Example: create a dedicated tablespace for APEX (recommended but for dev you may reuse SYSAUX):

-- start a sql session as SYSDBA
sqlplus /nolog
CONNECT SYS AS SYSDBA
<enter SYS password>

-- if multitenant, switch to your PDB:
ALTER SESSION SET CONTAINER = ORCLPDB;

-- create tablespace (example)
CREATE TABLESPACE APEX_TS
  DATAFILE 'C:\oracle\oradata\ORCLPDB\apex01.dbf'
  SIZE 200M AUTOEXTEND ON NEXT 50M;

If you prefer a quick dev install you can use SYSAUX SYSAUX TEMP when running apexins.sql — that uses SYSAUX for APEX objects (common in quick tutorials). But production should use a dedicated tablespace. Documentation explains both choices. Oracle Docs


2. Unzip APEX and run install script

  1. Unzip apex-<version>.zipC:\apex
  2. Change to the apex folder and run the install script as SYS AS SYSDBA.
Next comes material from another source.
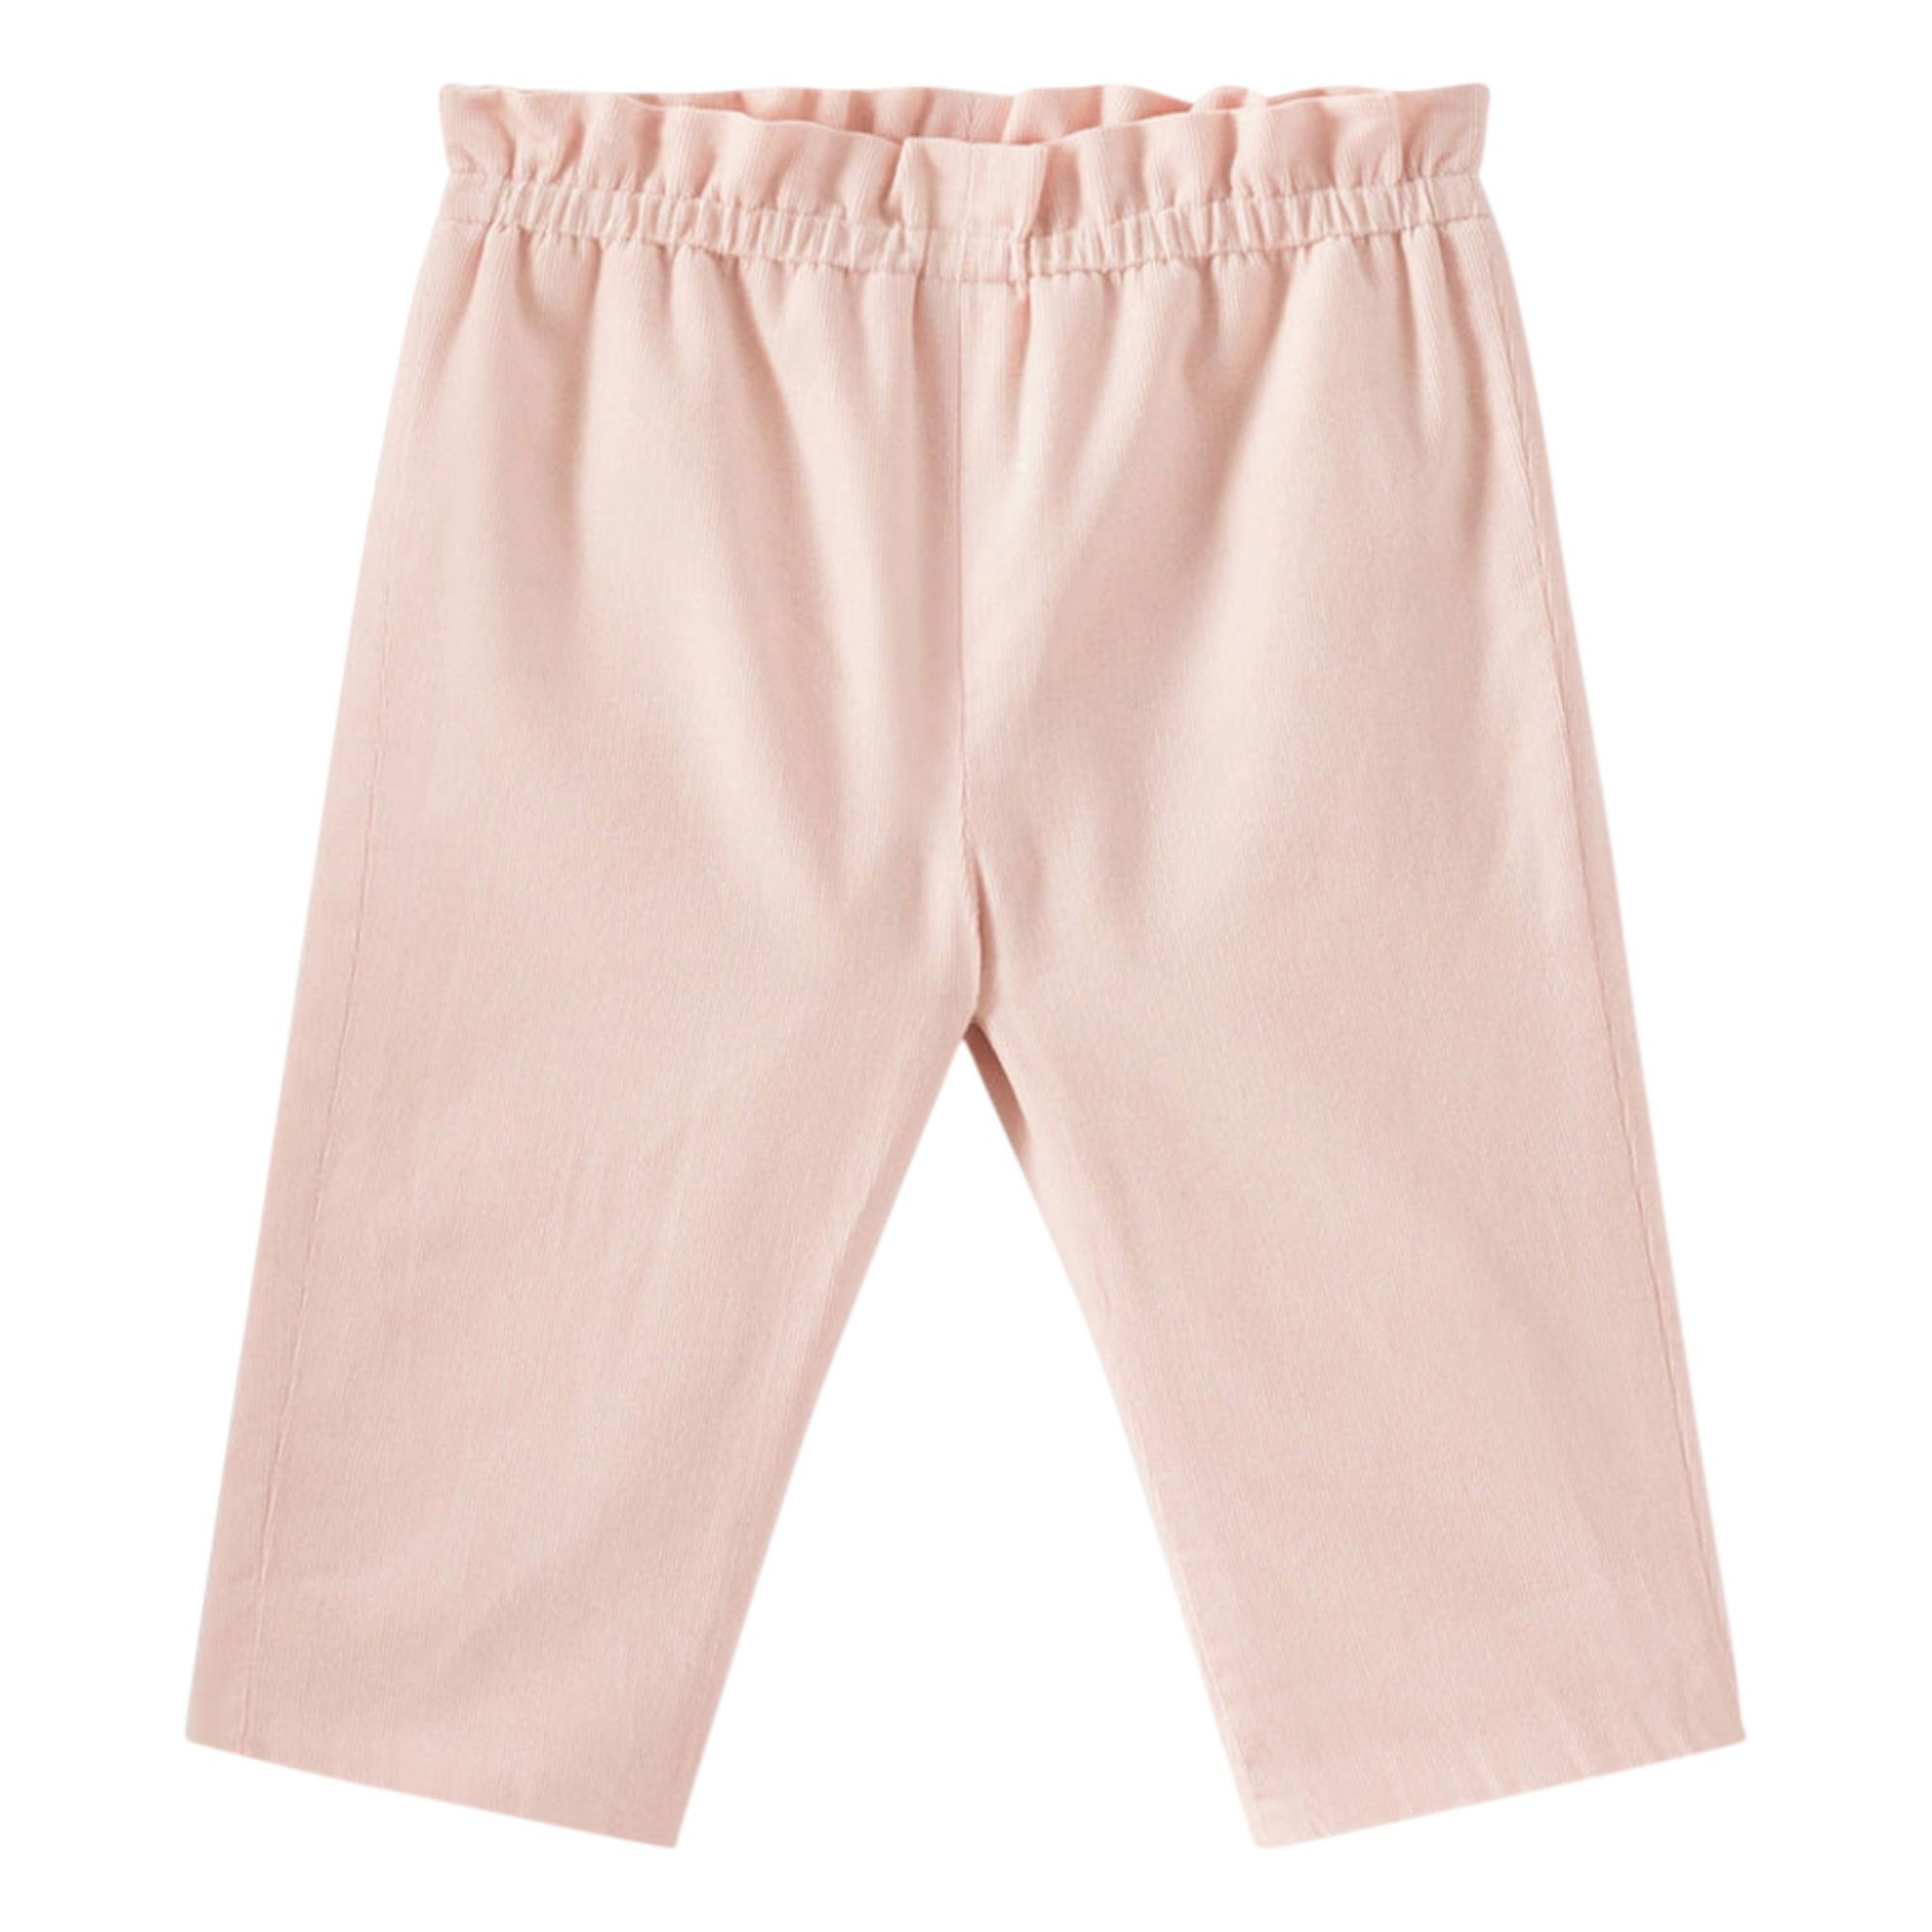 Bonpoint - Pantalon Velours Tweety - Fille - Rose pâle
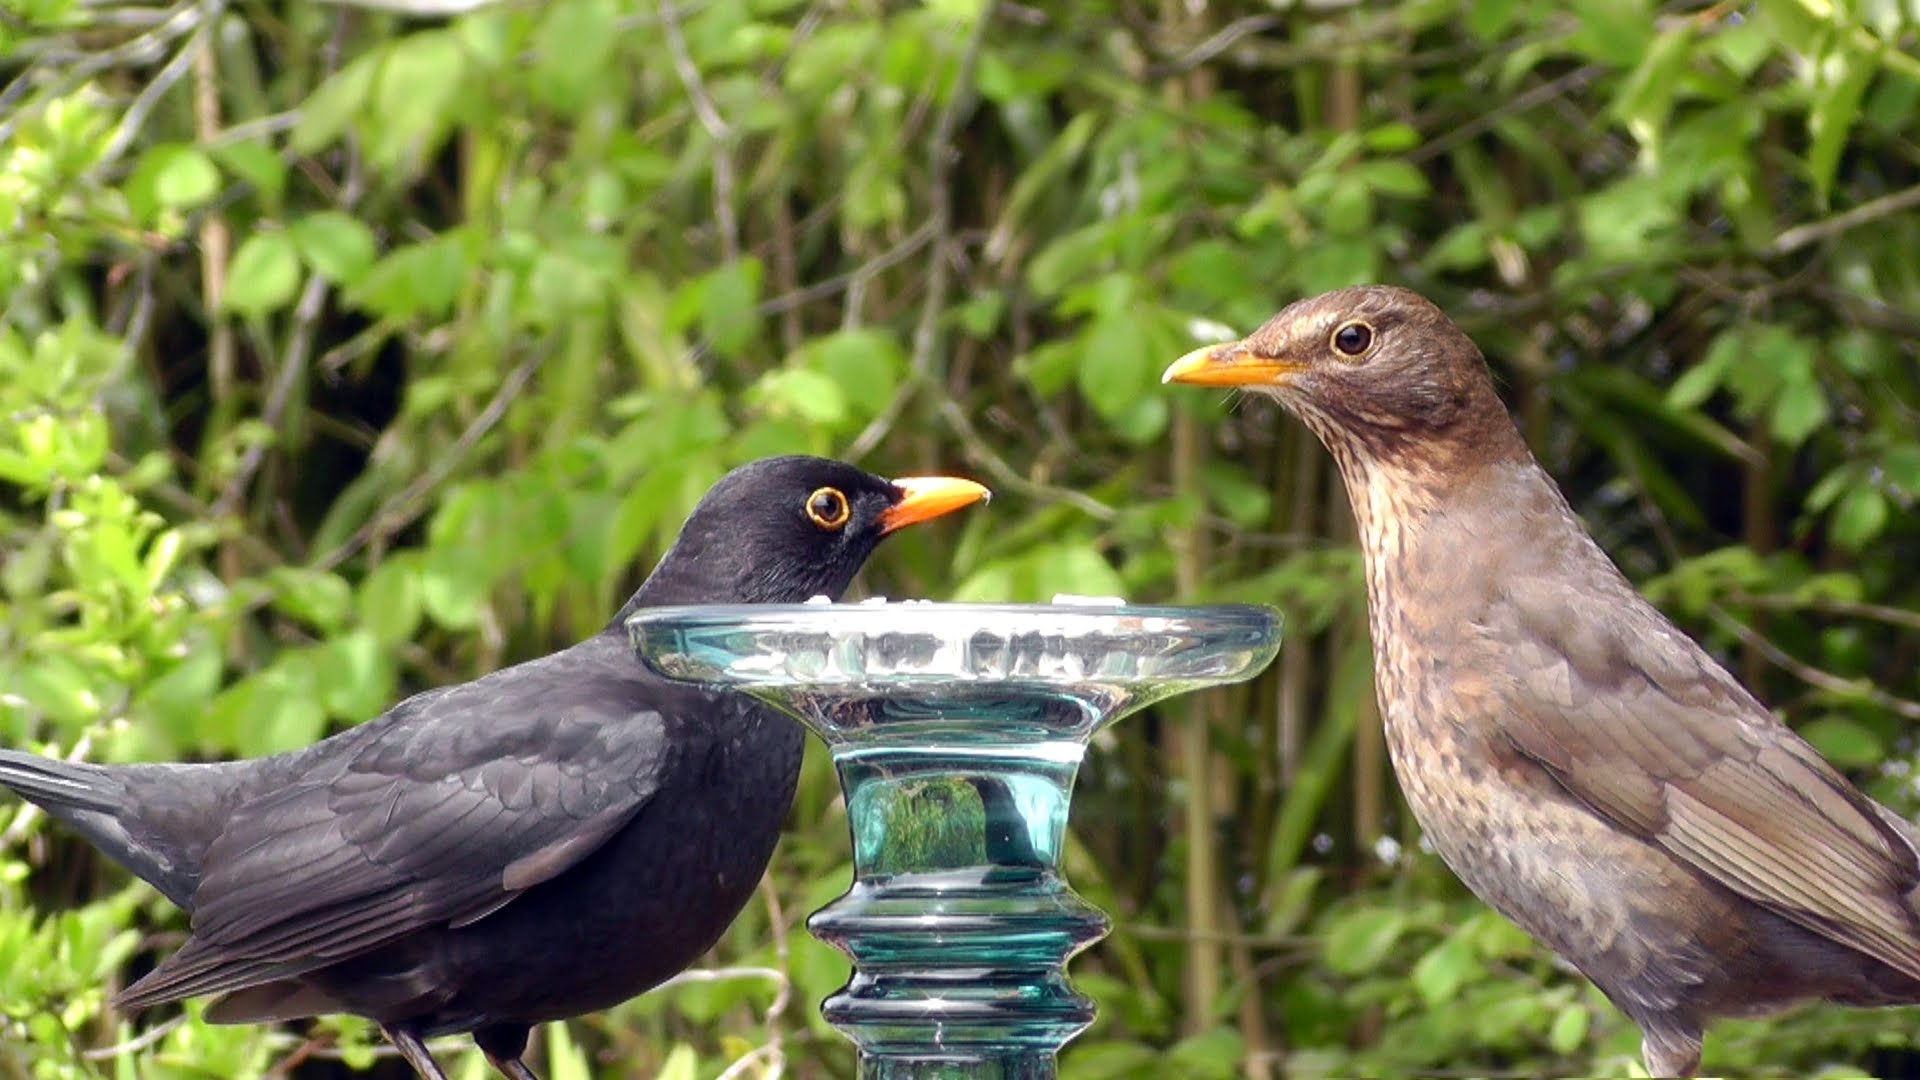 Male and Female Blackbird - Birds on Display - YouTube

Example (Full development environment — recommended for dev):

On Windows command prompt:

cd C:\apex
sqlplus /nolog
SQL> CONNECT SYS as SYSDBA
Enter password: <SYS_password>

-- If DB is multitenant, set container to your PDB:
SQL> ALTER SESSION SET CONTAINER = ORCLPDB;

-- Run the full install. Four arguments:
-- @apexins.sql tablespace_apex tablespace_files tablespace_temp images
-- Example using dedicated tablespace APEX_TS, files in APEX_TS, temp = TEMP, images virtual dir = /i/

SQL> @apexins.sql APEX_TS APEX_TS TEMP /i/
  • For a runtime (non-dev) installation use @apxrtins.sql instead (similar arguments). See docs. Oracle Docs
  • This runs for a while — the script creates users, packages, objects and jobs. Watch the output; successful end shows completion messages.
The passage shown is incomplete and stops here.